On Tue, Nov 25, 2014 at 6:34 PM, Dominic McDevitt-Parks <mcdevitd@gmail.com> wrote:
You have a good point, though. One of the differences between Wikisource and most other platforms is that it is actually richly formatted. It's kind of a shame to strip all that formatting information out when extracting the transcriptions. (Though many destinations wouldn't know what to do with formatted text anyway.) 
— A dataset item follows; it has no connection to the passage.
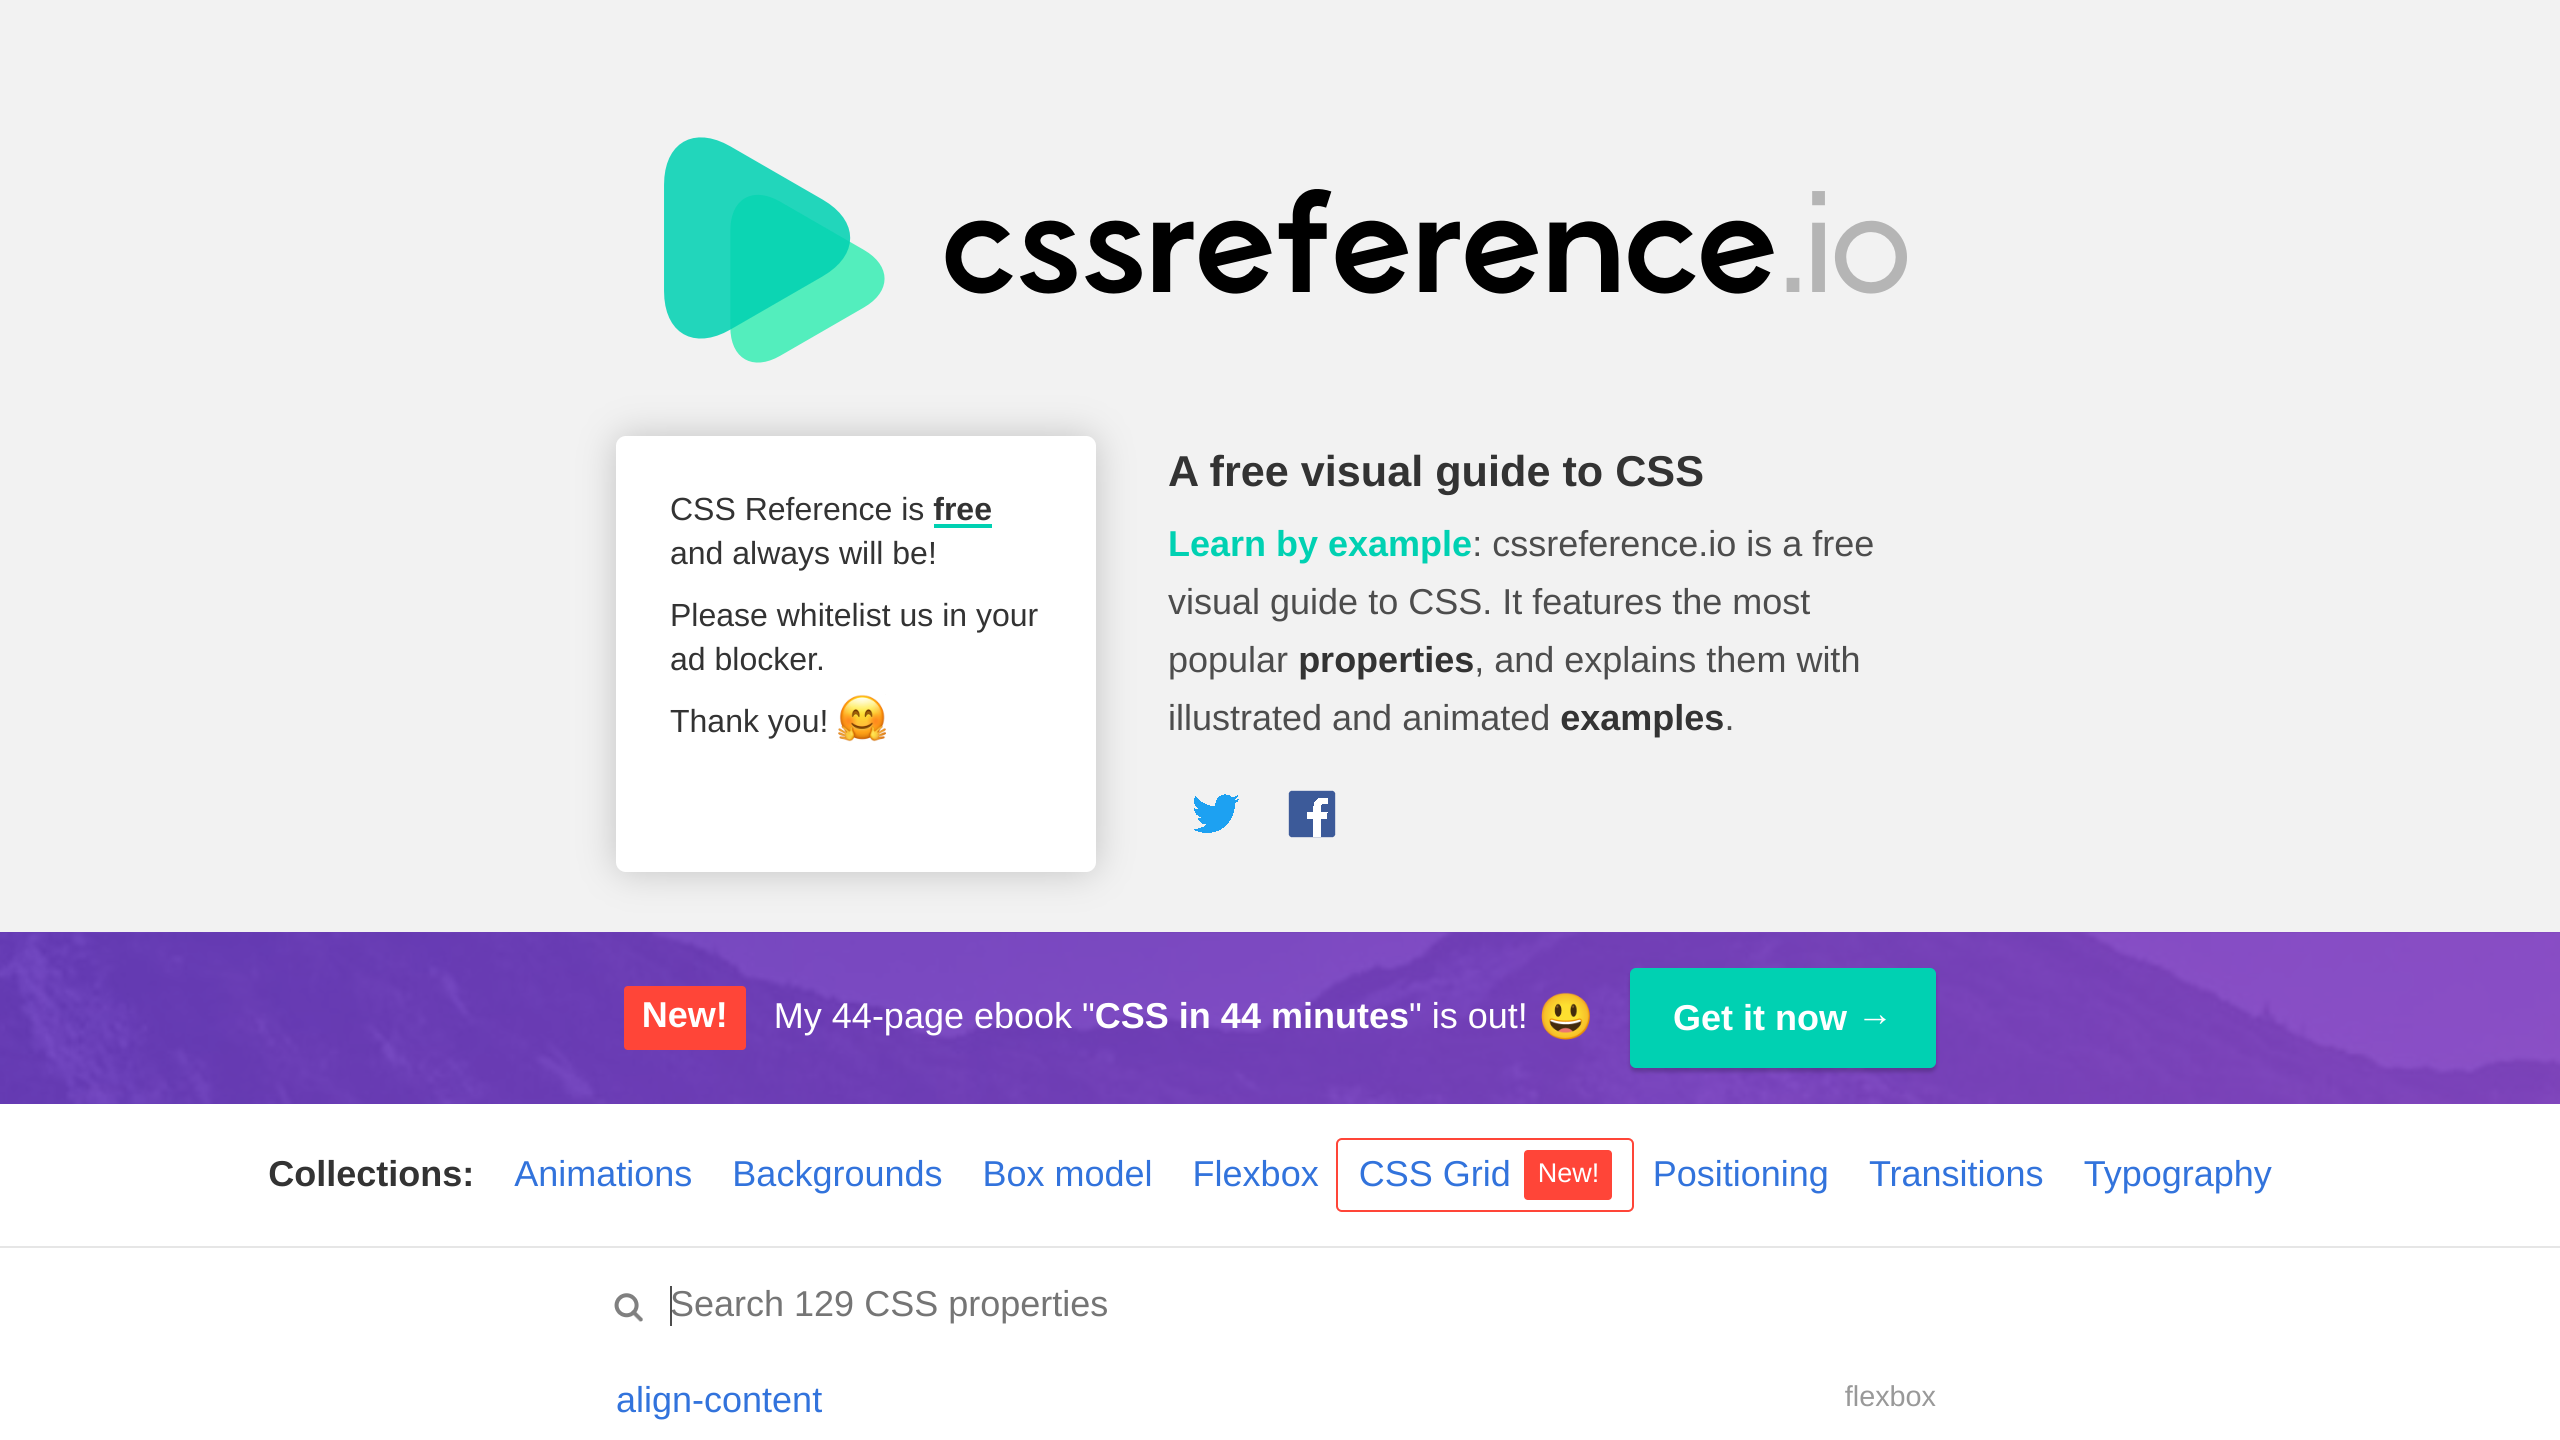 CSS Reference's website screenshot

I think this is a crucial issue.
Many projects do give you the possibility to download a .txt, which is ok for digital preservation, but I challenge anyone to actually read a book in txt. :-)
I believe that accessibility is having good ebooks accessible and readable on numerous devices.
IMHO, what Tpt has done with his EPUB tool is remarkable: a nice, quick tool for generate fairly formatted ebooks, allow readers to actually read an ebook on a Kindle or a Kobo (or a tablet). It also work both with Index and ns0 books. The problem is that it's not perfectly formatted, of course, and it's not integrate within MediaWiki.
When I put the link to the ebook converter directly in the Header template, stats skyrocketed : in few weeks we had thousands of downloads. (see it here: http://wsexport.wmflabs.org/tool/stat.php)

So, readibility is one big issue. We are here to be read.

Structured formats it's good for export, integration with different libraries, standardisation, and so on. It's fundamental, I think, for the development of the whole project. if we convince the WMF to put some permanent staff time, many things could be achieved :-)


PS: the script it's bad, I warn you, bit that's what I come up so far. I hope to improve it in the next weeks. If you can make it better, please do :-)